• What you have to do: Print exactly the lines that run from the one containing "Cyclosportive Calendrier.Le Calendrier" to the final line of the data, both included, and print none of the pictures.

• Available data:
# # # #
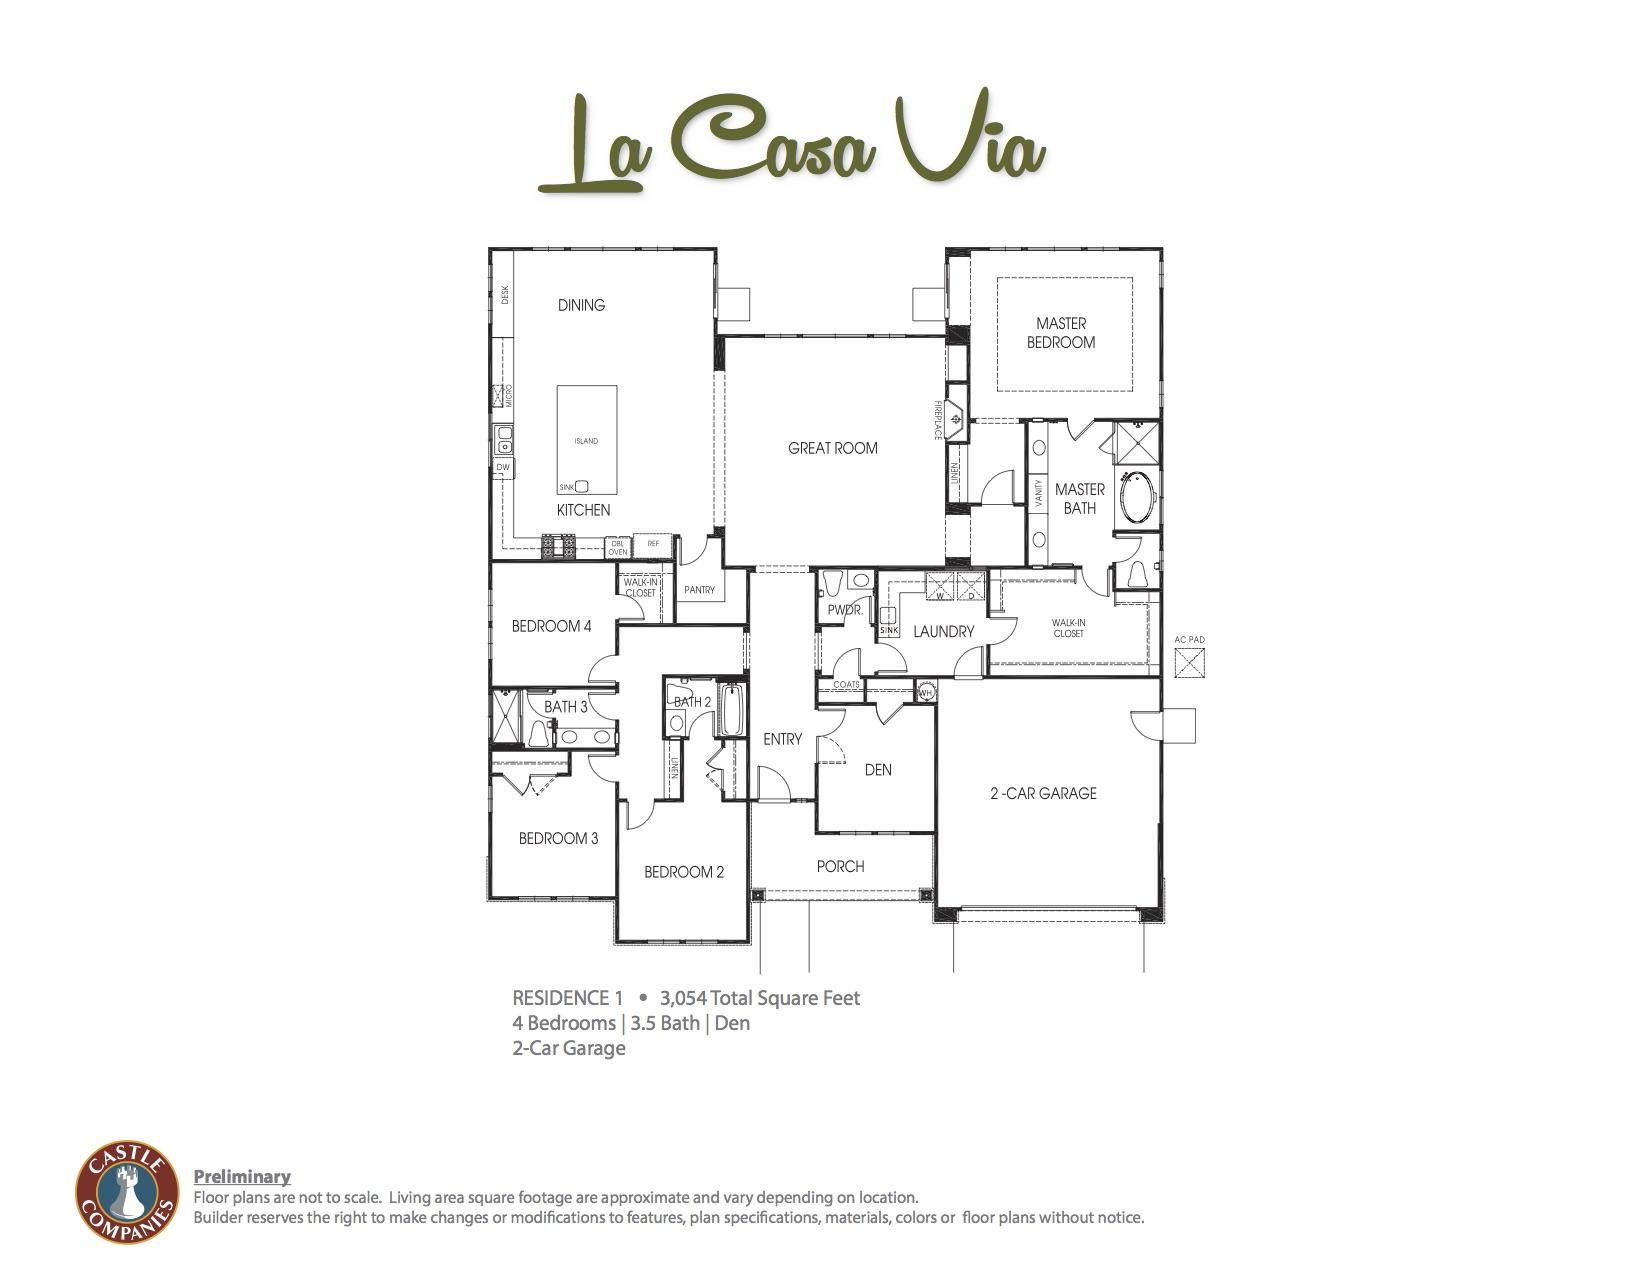 La Casa Via Floor Plan 1 copy
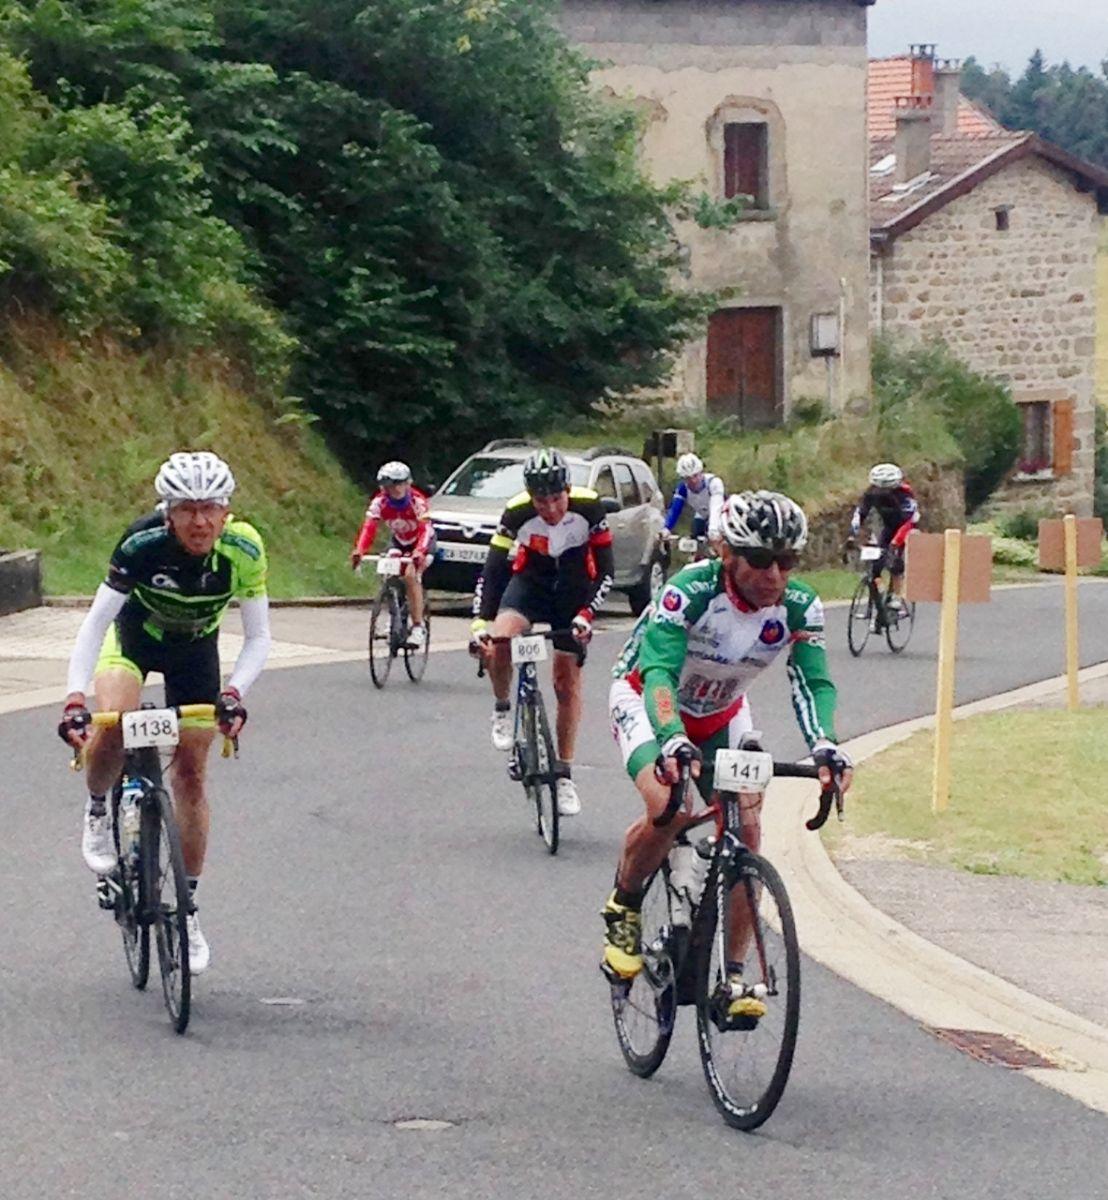 Cyclosportive Calendrier.Le Calendrier Cyclo 2018 Au 23 10 Actualite Velo Cyclosport
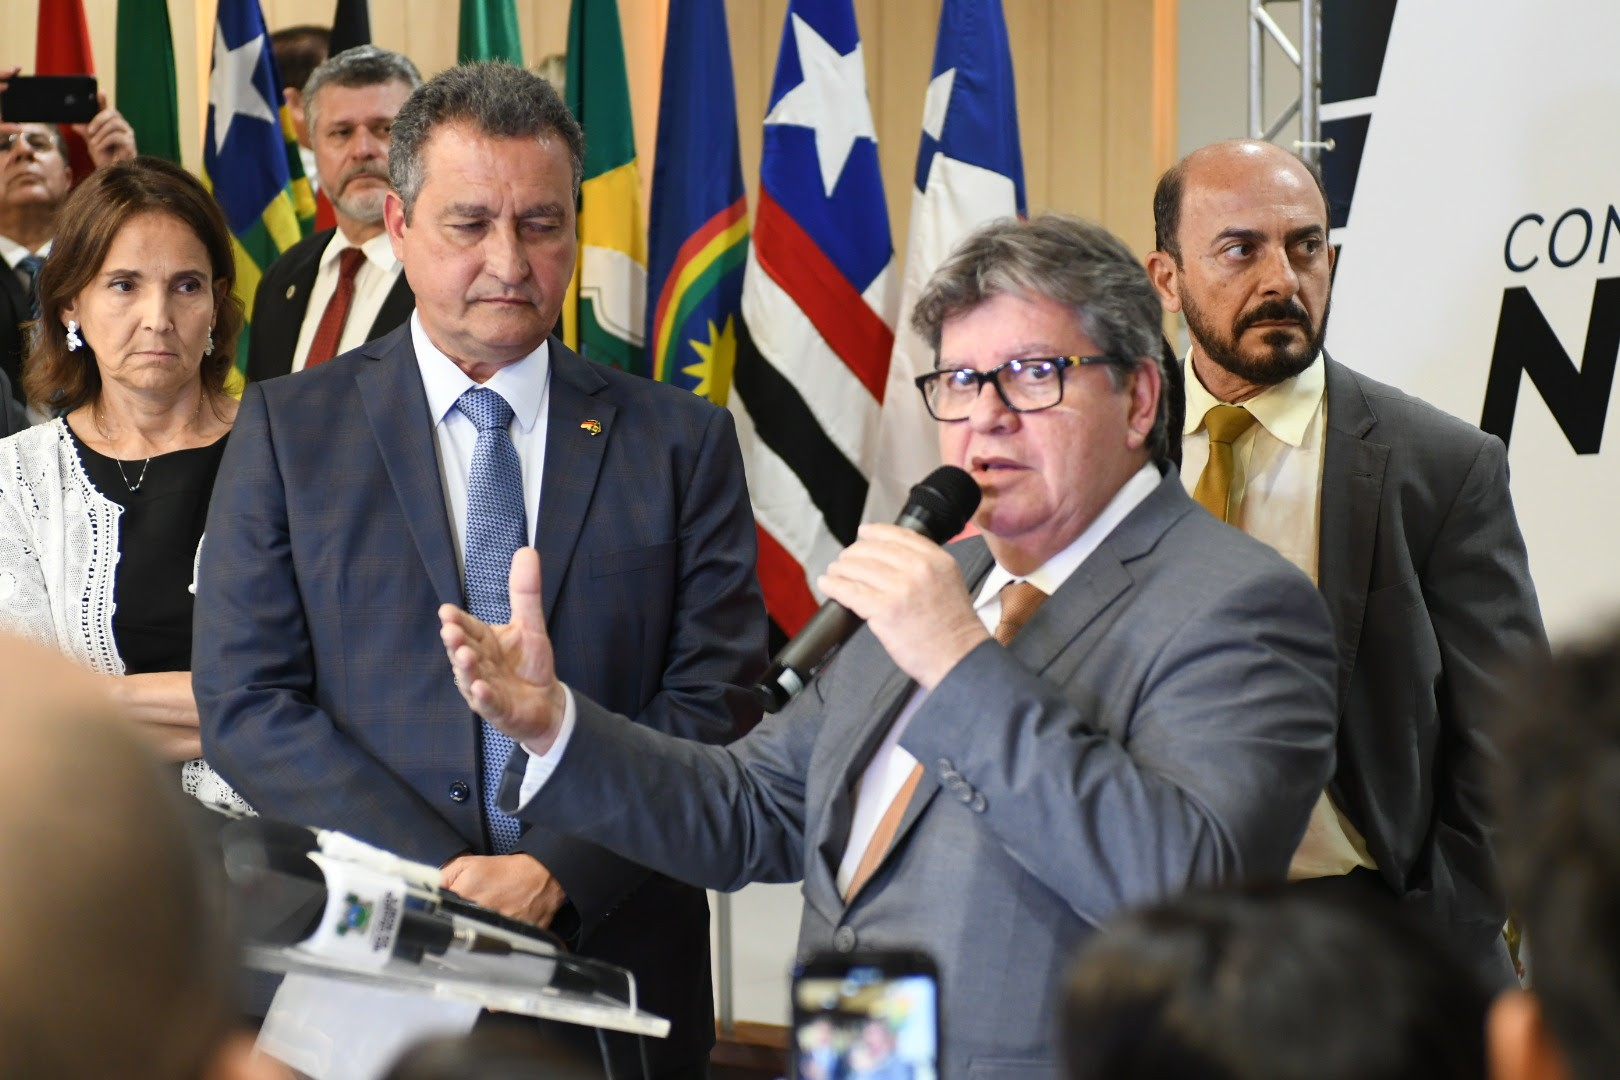 Aplicativo da PB que permite consulta de preços vai ser usado em outros estados do Nordeste - Notícias - Plantão Diário
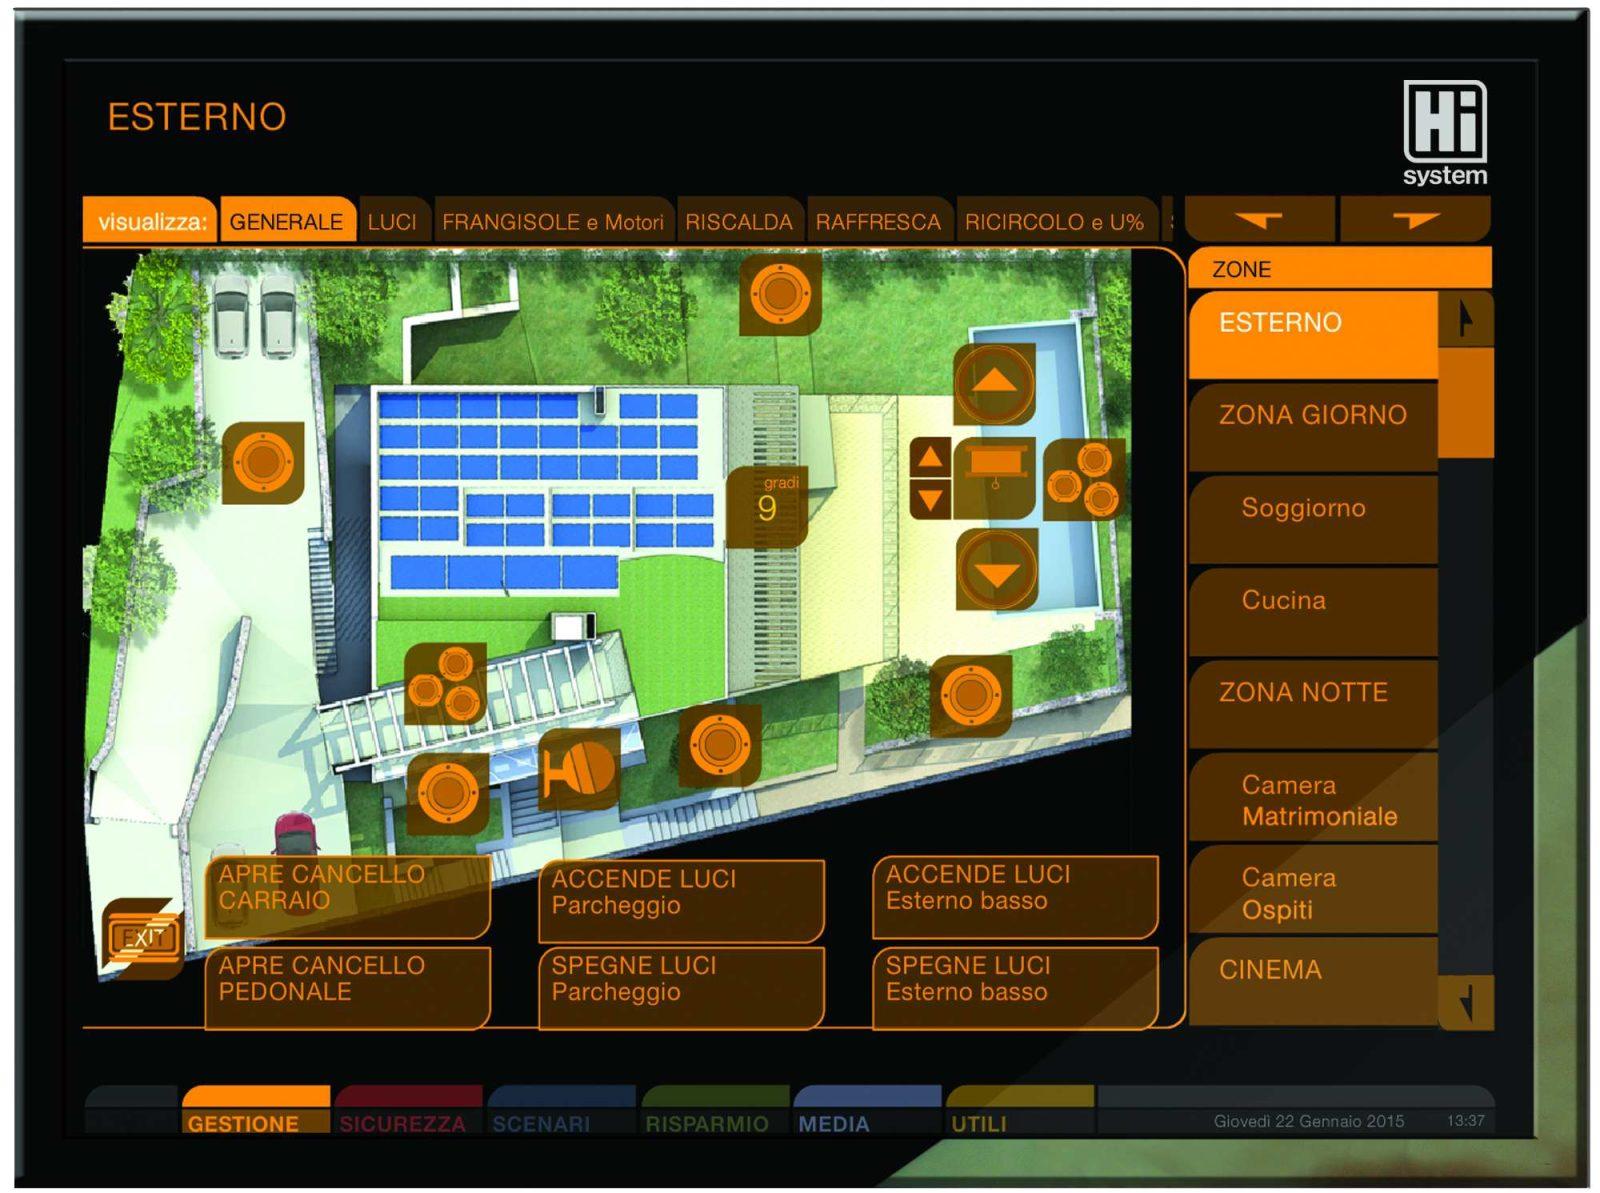 Controllo remoto di un impianto domotico  GBS
# # # #
• Task solution:
 Cyclosportive Calendrier.Le Calendrier Cyclo 2018 Au 23 10 Actualite Velo Cyclosport
 Aplicativo da PB que permite consulta de preços vai ser usado em outros estados do Nordeste - Notícias - Plantão Diário
 Controllo remoto di un impianto domotico  GBS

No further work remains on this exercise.